Bedrohlich sehen sie aus, die Männer und Frauen in ihren Tarnanzügen, Gewehr im Anschlag, an den Gürteln Pistolen, Messer und andere Waffen - Soldaten eben, und zumindest in Brüssel sind sie mittlerweile zum Alltag im Straßenbild geworden.
Doch so bedrohlich sie auch aussehen: Schützen dürfen sie die Bürger in vielen Fällen nicht. Sollten Soldaten einen Vorfall beobachten, der Anlass zum Eingreifen bietet, dann müssen sie zuerst die Polizei rufen. Nur die Polizei – so die Regel – darf gegen Bürger auf der Straße vorgehen.
Heikler Vorfall in Molenbeek
Das wird dann problematisch, wenn etwas passiert und Polizei nicht vor Ort ist.
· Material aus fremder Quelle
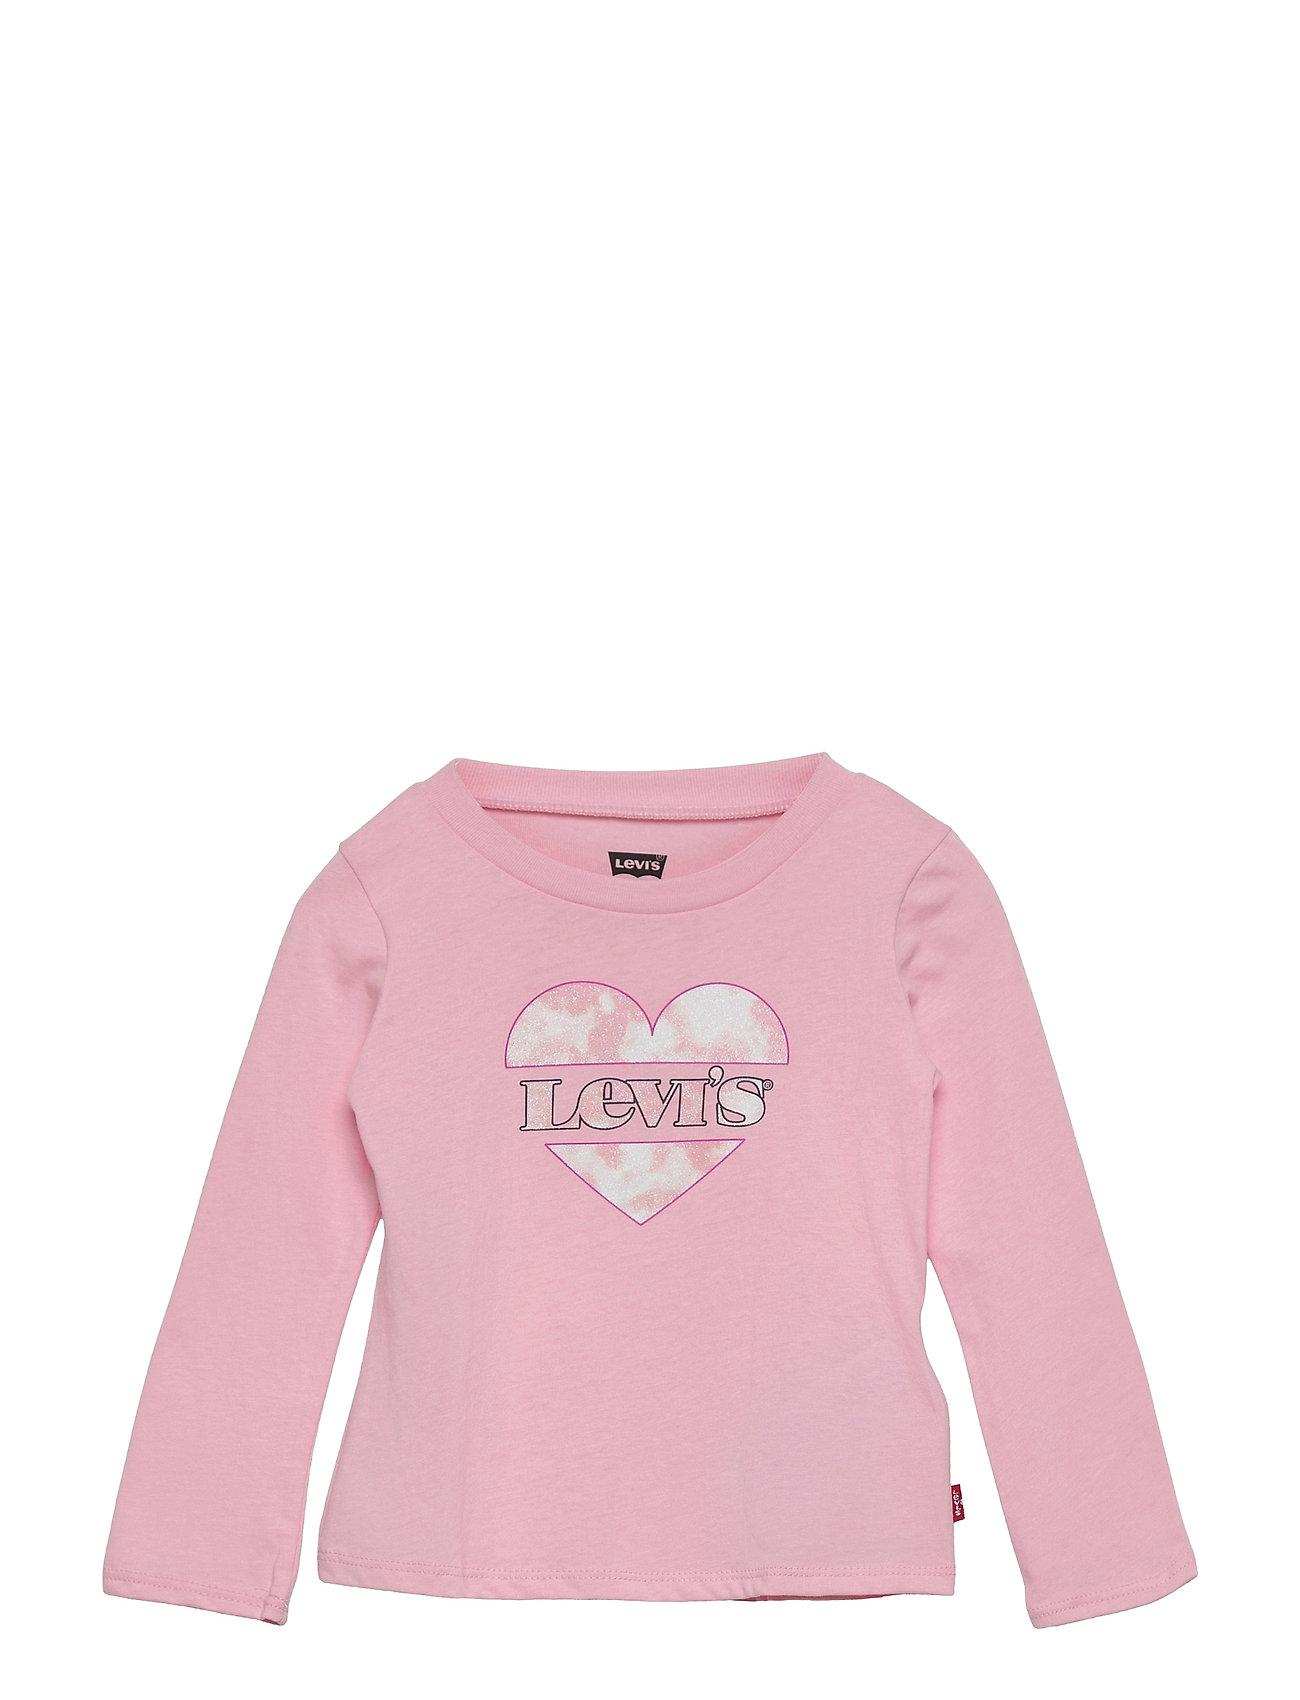 Lvg Long Sleeve Tee Shirt Langærmet T-shirt Lyserød Levi's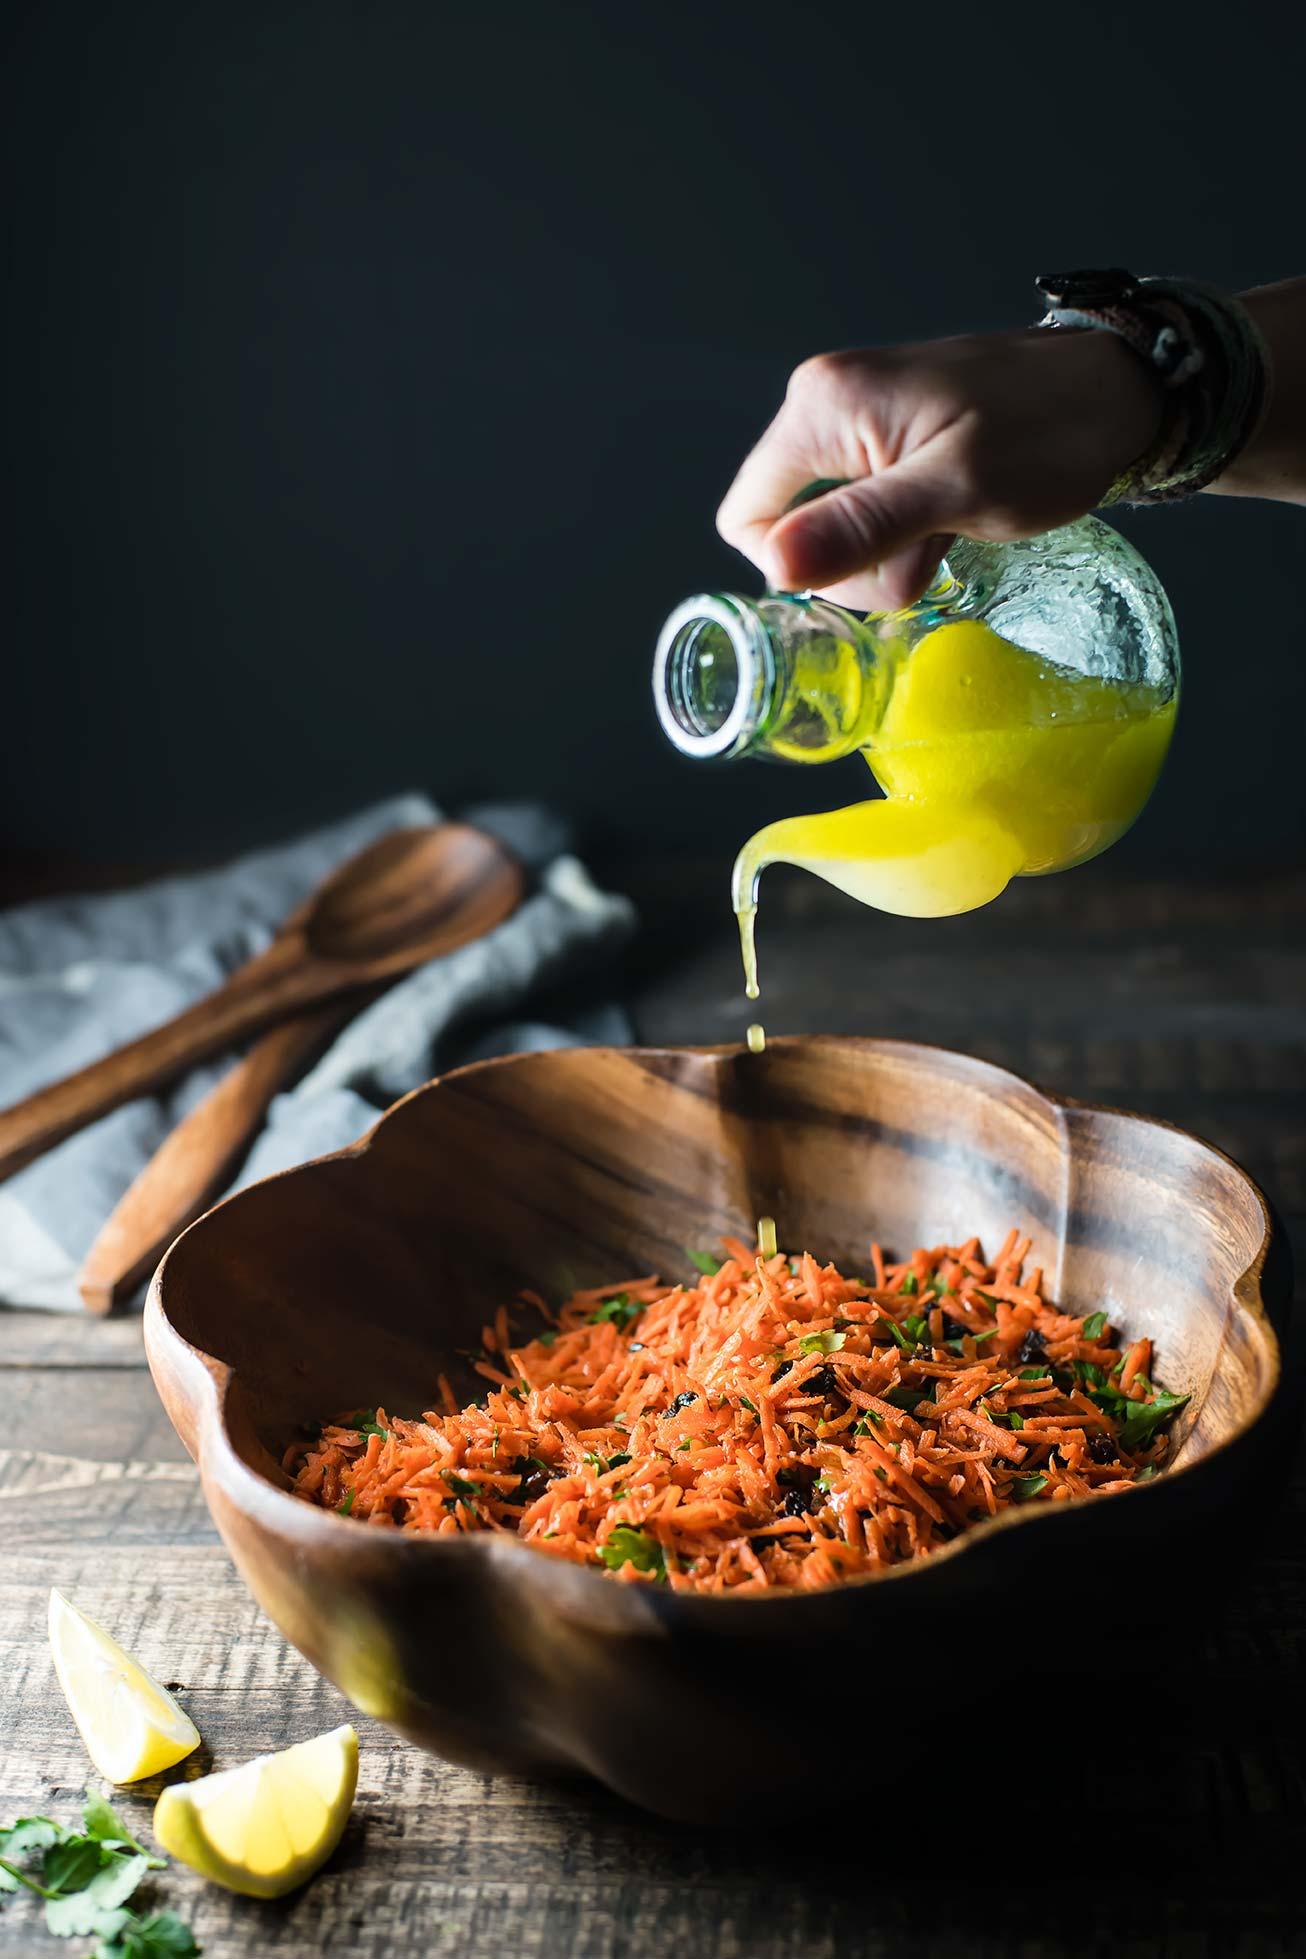 Moroccan+Spiced+Carrot+Salad+-+Paleo+and+vegan.jpeg

So geschehen an der Gare de l'Ouest in der mittlerweile berühmt-berüchtigten Brüsseler Stadtgemeinde Molenbeek: Drei Soldaten beobachten, wie ein Streit zwischen rund 15 Jugendlichen entbrennt. Gewalt ist im Spiel, ein Jugendlicher will flüchten, die anderen laufen hinterher. Die Soldaten stellen sich in den Weg, ein Soldat geht zu Boden. Als sein Kamerad ihm aufhelfen will, versuchen mehrere Jugendliche, das Gewehr des Soldaten zu entwenden. Die Soldaten wehren sich, ein Schlagstock kommt zum Einsatz.
Erst danach trifft die Polizei ein. Die Polizei hat, so Julie Mampuy, die Pressesprecherin der Polizei Brüssel West, dann mit Pfefferspray und der Hilfe der Soldaten die Angreifer auseinander getrieben. Ein Jugendlicher, der besonders hartnäckig nach der Waffe des Soldaten gegriffen hatte, wurde festgenommen. Er ist jünger als 18 Jahre.
Die Staatsanwaltschaft hat eine Untersuchung des Vorfalls gestartet. Den Soldaten könnte eine Strafe drohen, weil sie zunächst alleine, ohne die Unterstützung von Polizisten gehandelt haben.
Nur in zwei vorgeschriebenen Fällen dürfen Soldaten eingreifen
Aber im vorliegenden Fall wird es wohl nicht zu einer Strafe kommen. Denn die Staatsanwaltschaft hat schon mitgeteilt, dass die Videoaufnahmen die Darstellung der Soldaten bestätigen. Ihr Handeln war legitim. Sie hätten einer bedrohten Person geholfen, und sich bei Bedrohung selbst gewehrt. Das sind die beiden Fälle, in denen Soldaten auch ohne polizeiliche Unterstützung aktiv werden dürfen. Das bestätigt auch Patrick Descy, Generalsekretär der Soldatengewerkschaft CGSP Défense.
Aber der Gewerkschafter sagt auch: "Diese Formulierung ist sehr schwammig." Die Politik hat es bislang versäumt, klare Vorgaben zu machen, wann genau eine Gefahr für die Soldaten selbst bestehe, und wie groß die Gefahr für eine dritte Person sein muss, damit die Soldaten legitim eingreifen dürfen.
Wenn zum Beispiel vor den Augen von Soldaten ein Auto aufgebrochen wird, dürfen die Soldaten nicht selbst eingreifen. Sie dürfen nur die Polizei verständigen. Das klingt ein wenig paradox – kann aber vielleicht damit erklärt werden, dass der Einsatz von Soldaten zur Unterstützung der Polizei in Belgien erst seit gut einem Jahr wieder aktuell ist.
Nach der Aushebung der Terrorzelle in Verviers war es erstmals seit 30 Jahren der Fall. Soldaten zeigten auf den Straßen Präsenz, um ein verstärktes Gefühl der Sicherheit zu vermitteln. Eine Präsenz, die übrigens von einigen Bürgervereinigungen als illegal kritisiert wird.